Ini karena Papa sendiri yang bercerita kepadaku banyak temannya lulusan perguruan tinggi tapi dagang di pasar. Diskusi panjang malam itu aku pertama kalinya berani berbicara dari hatiku. Aku mulai awal pemberontakanku dengan sejumlah kata

“Kalau pekerjaan kan urusan nanti, aku masih pengen belajar di jurusan yang aku suka. Papa yang bilang sendiri kalau belum tentu lulusan perguruan tinggi bisa kerja kantoran”
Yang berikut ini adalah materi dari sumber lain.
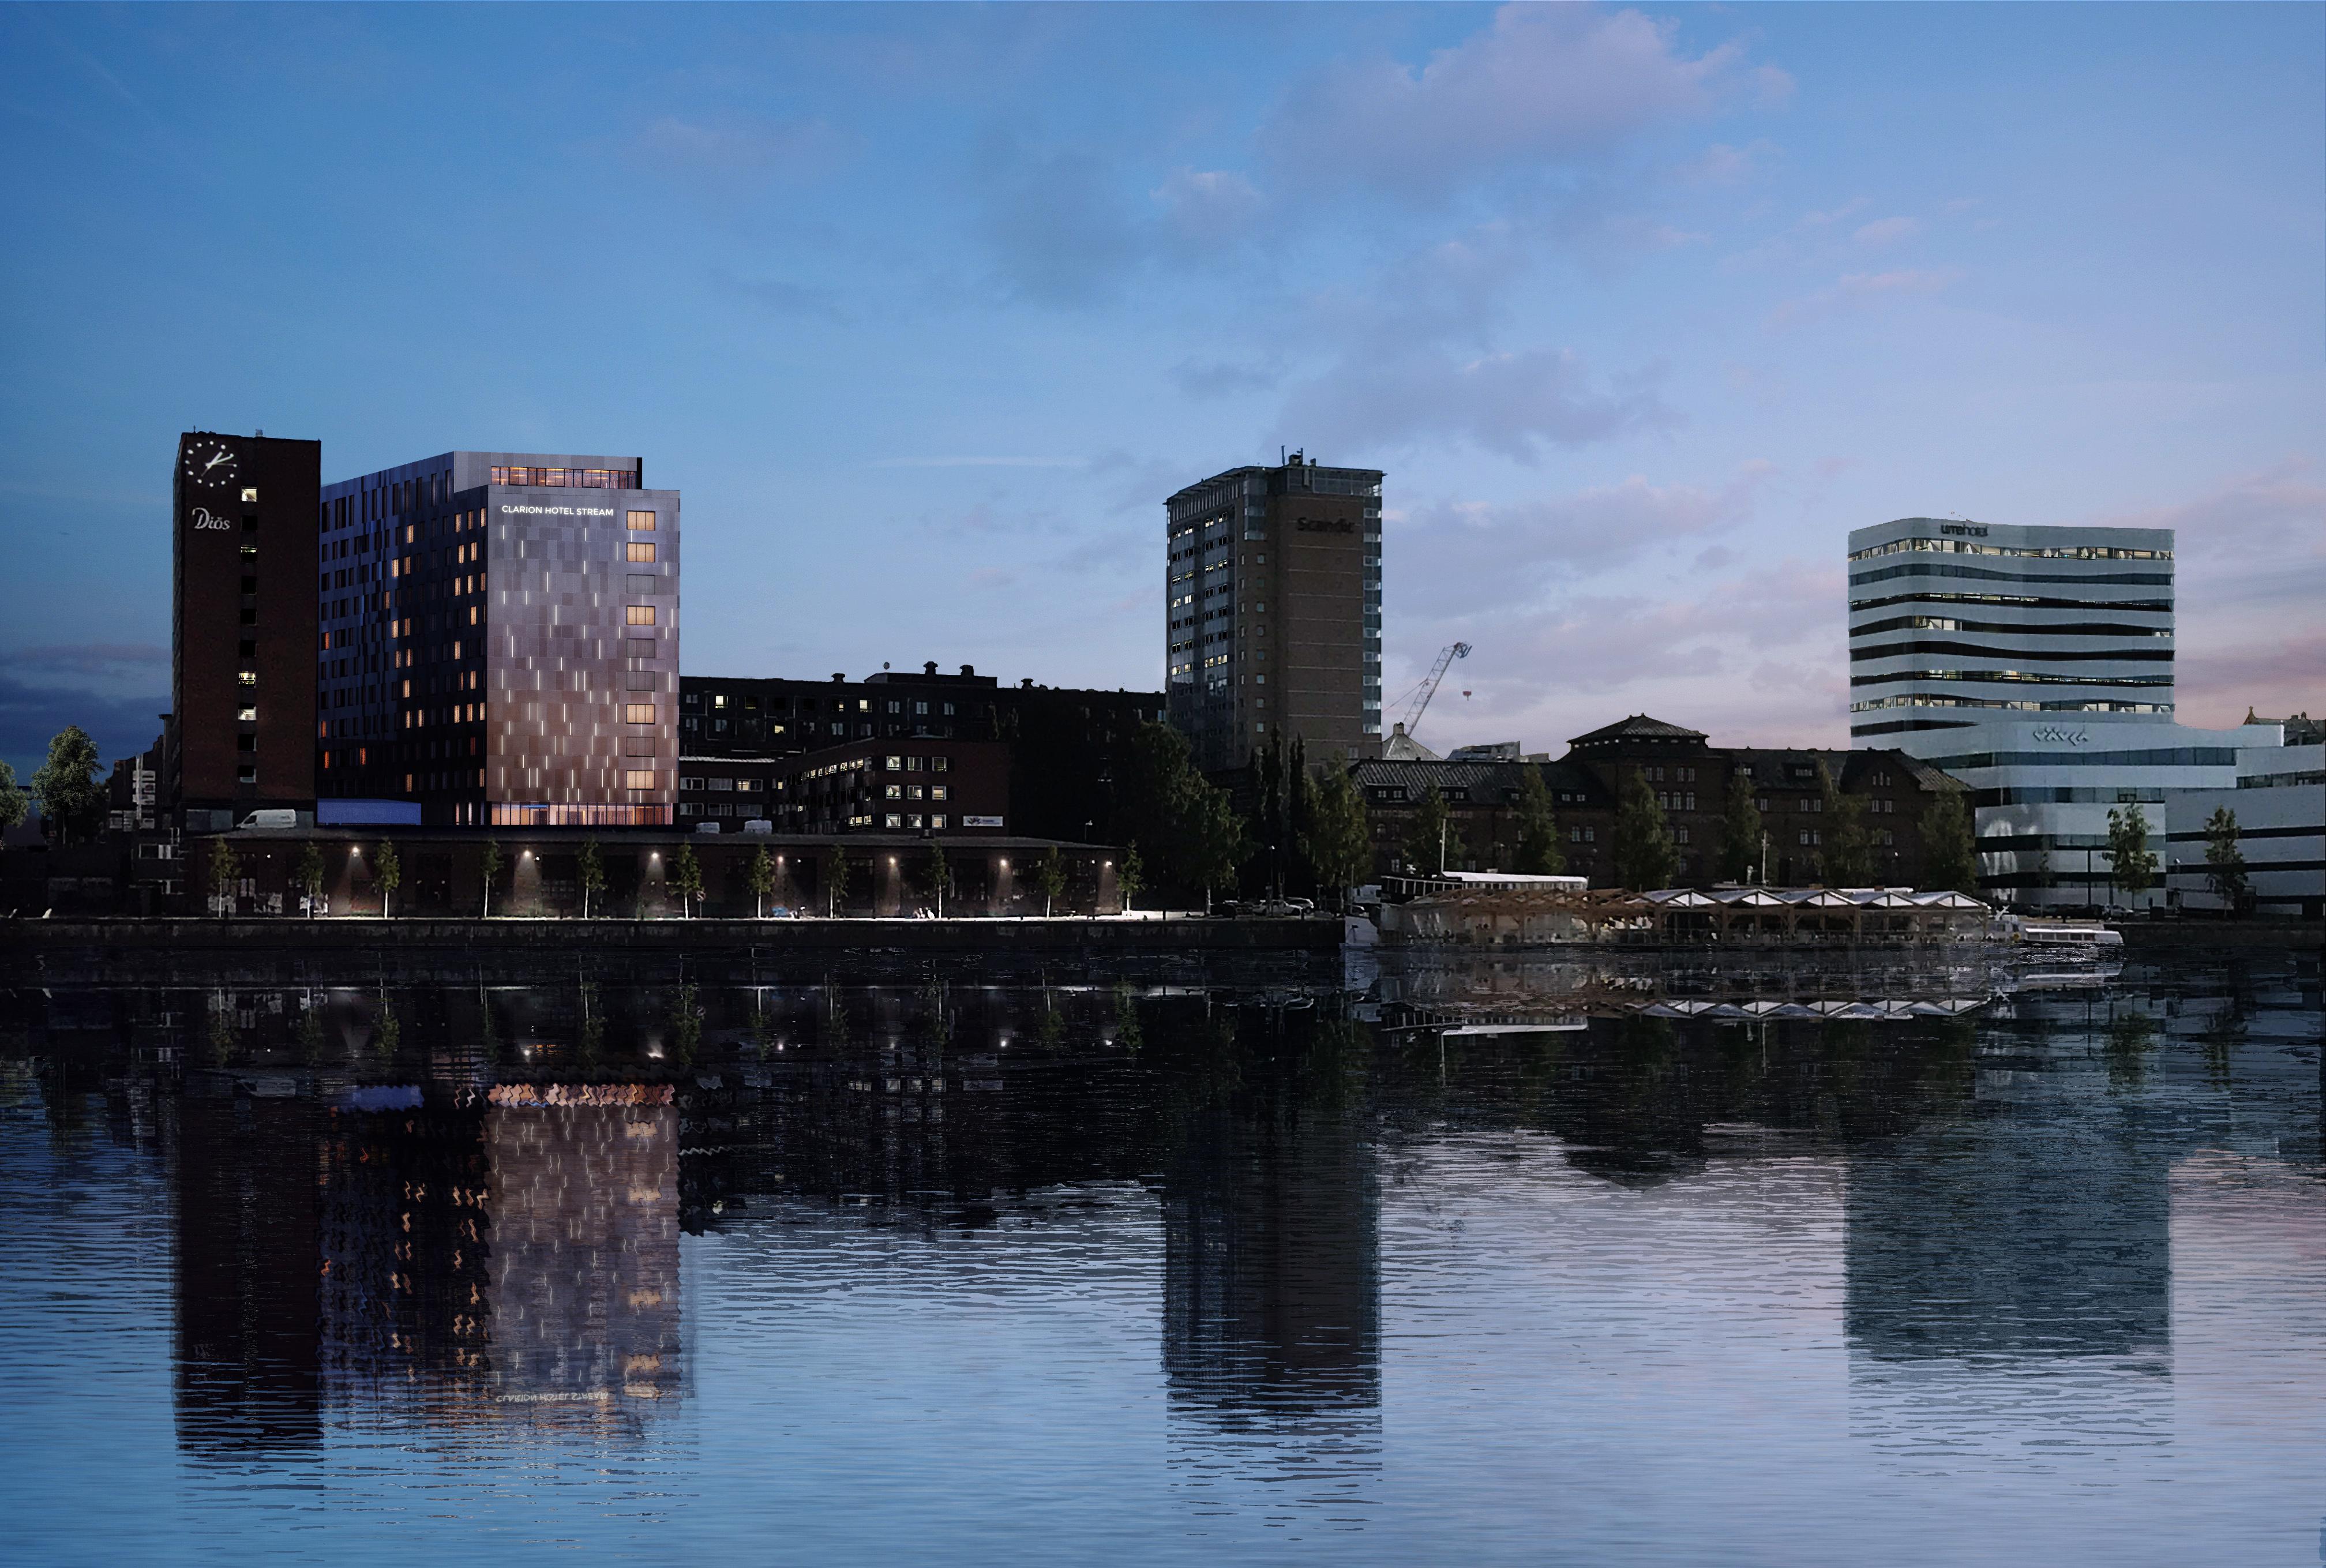 Byggkollen: Clarion Hotel & Kvarteret Magne

Namun aku menawarkan jalan tengah, pikirku jika aku tidak bisa mendapatkan yang aku mau begitu juga mereka. Pilihanku jatuh ke tempatku belajar sekarang jurusan sosiologi di sini aku mendapatkan yang Papa dan Mama ingin dan yang aku mau.

Agaknya dalam memilih jurusan kuliah itu sebenarnya aku tidak melawan kedua orangtuaku, terkhusus Papa. Karena pikirku hanya terbawa apa yang papa mau dari dulu

“Belajar, belajar, belajar, boleh nakal sedikit aja pinternya yang banyak”

Iya itulah papaku, disini tak pernah sekalipun lepas untuk mendoakannya mama dan adikku juga.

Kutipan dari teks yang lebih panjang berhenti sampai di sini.